Integrative Network-Based Approaches For Modeling Human Disease

The large-scale development of high-throughput sequencing technologies has allowed the generation of reliable omics data related to various regulatory levels. Moreover, integrative computational modeling has enabled the disentangling of a complex interplay between these interconnected levels of regulation by interpreting concomitant large quantities of biomedical information (‘big data’)
in a systematic way. In the context of human disorders, network modeling of complex gene-gene interactions has been successfully used for understanding disease-related dysregulation and for predicting novel drug targets to revert the diseased phenotype.
Recent evidence suggests that changes at multiple levels of genomic regulation are responsible for the development and course of multifactorial diseases. Although existing computational approaches have been able to explain cell-type-specific and disease-associated transcriptional regulation, they so far have been unable to utilize available epigenetic data for systematically dissecting underlying disease mechanisms.

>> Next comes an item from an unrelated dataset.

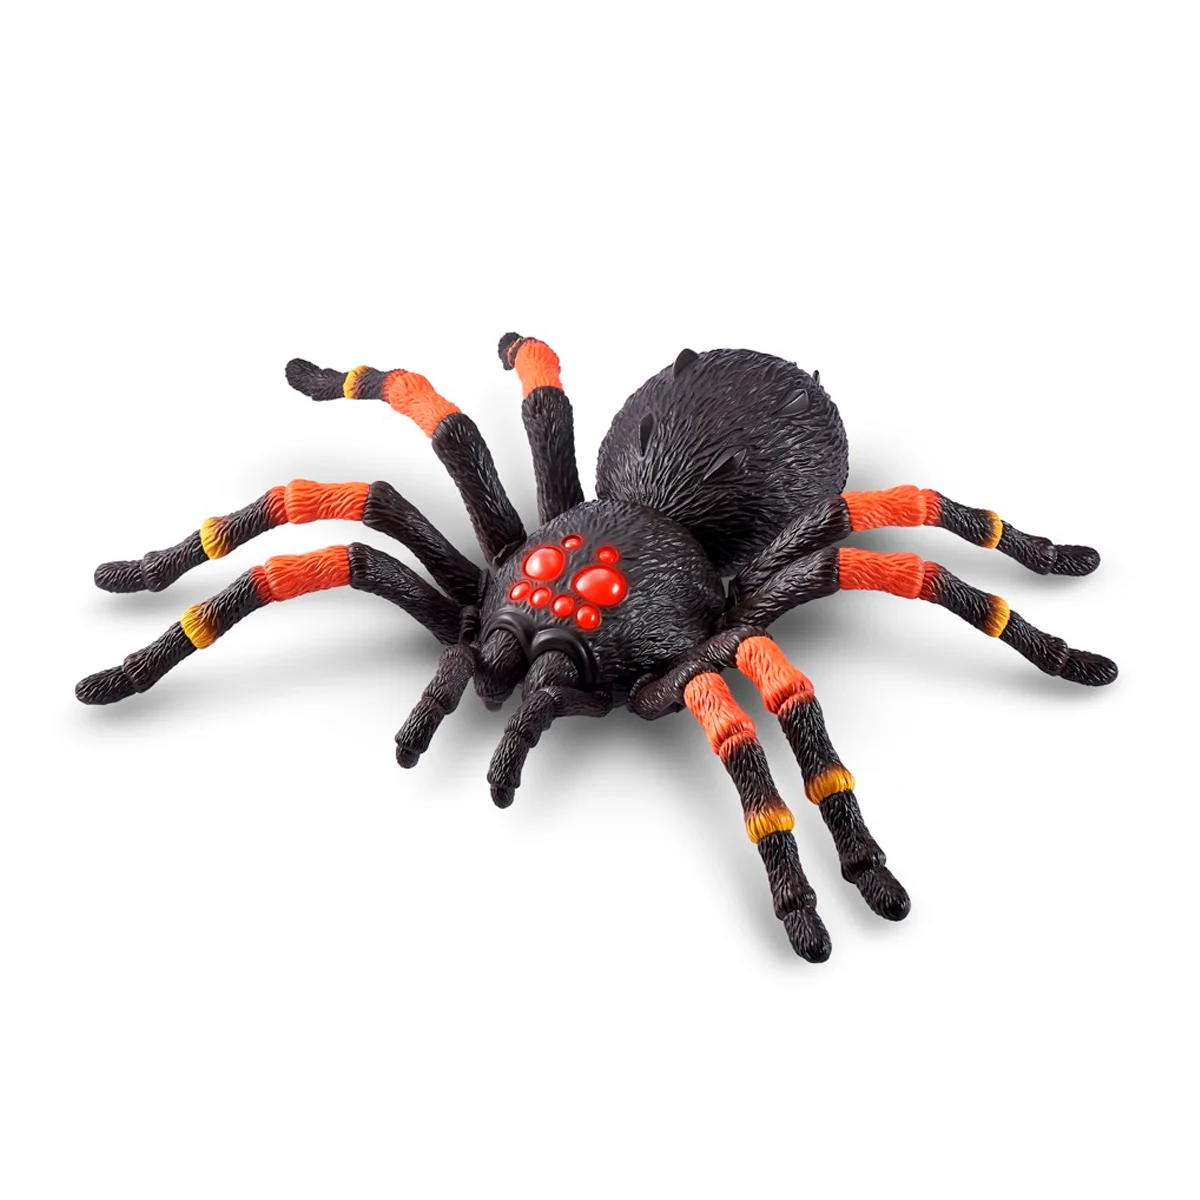 Robo edderkop - Køb online til kun 199.95

In this thesis, we first provided an overview of recent advances in the field of computational modeling of cellular systems, its major strengths and limitations. Next, we highlighted various computational approaches that integrate information from different regulatory levels to understand mechanisms behind the onset and progression of multifactorial disorders. For example, we presented INTREGNET, a computational method for systematically identifying minimal sets of transcription factors (TFs) that can induce desired cellular transitions with increased efficiency. As such, INTREGNET can guide experimental attempts for achieving effective in vivo cellular transitions by overcoming epigenetic barriers restricting the cellular differentiation potential. Furthermore, we introduced an integrative network-based approach for ranking Alzheimer’s disease (AD)-associated functional genetic and epigenetic variation. The proposed approach explains how genetic and epigenetic variation can induce expression changes via gene-gene interactions, thus allowing for a systematic dissection of mechanisms underlying the onset and progression of multifactorial diseases like AD at a multi-omics level. We also showed that particular pathways, such as sphingolipids (SL) function, are significantly dysregulated in AD. In-depth integrative analysis of these SL-related genes reveals their potential as biomarkers and for SL-targeted drug development for AD. Similarly, in order to understand the functional consequences of CLN3 gene mutation in Batten disease (BD), we conducted a differential gene regulatory network (GRN)-based analysis of transcriptomic data obtained from an in vitro BD model and revealed key regulators maintaining the disease phenotype.
We believe that the work conducted in this thesis provides the scientific community with a valuable resource to understand the underlying mechanism of multifactorial diseases from an integrative point of view, helping in their early diagnosis as well as in designing potential therapeutic treatments.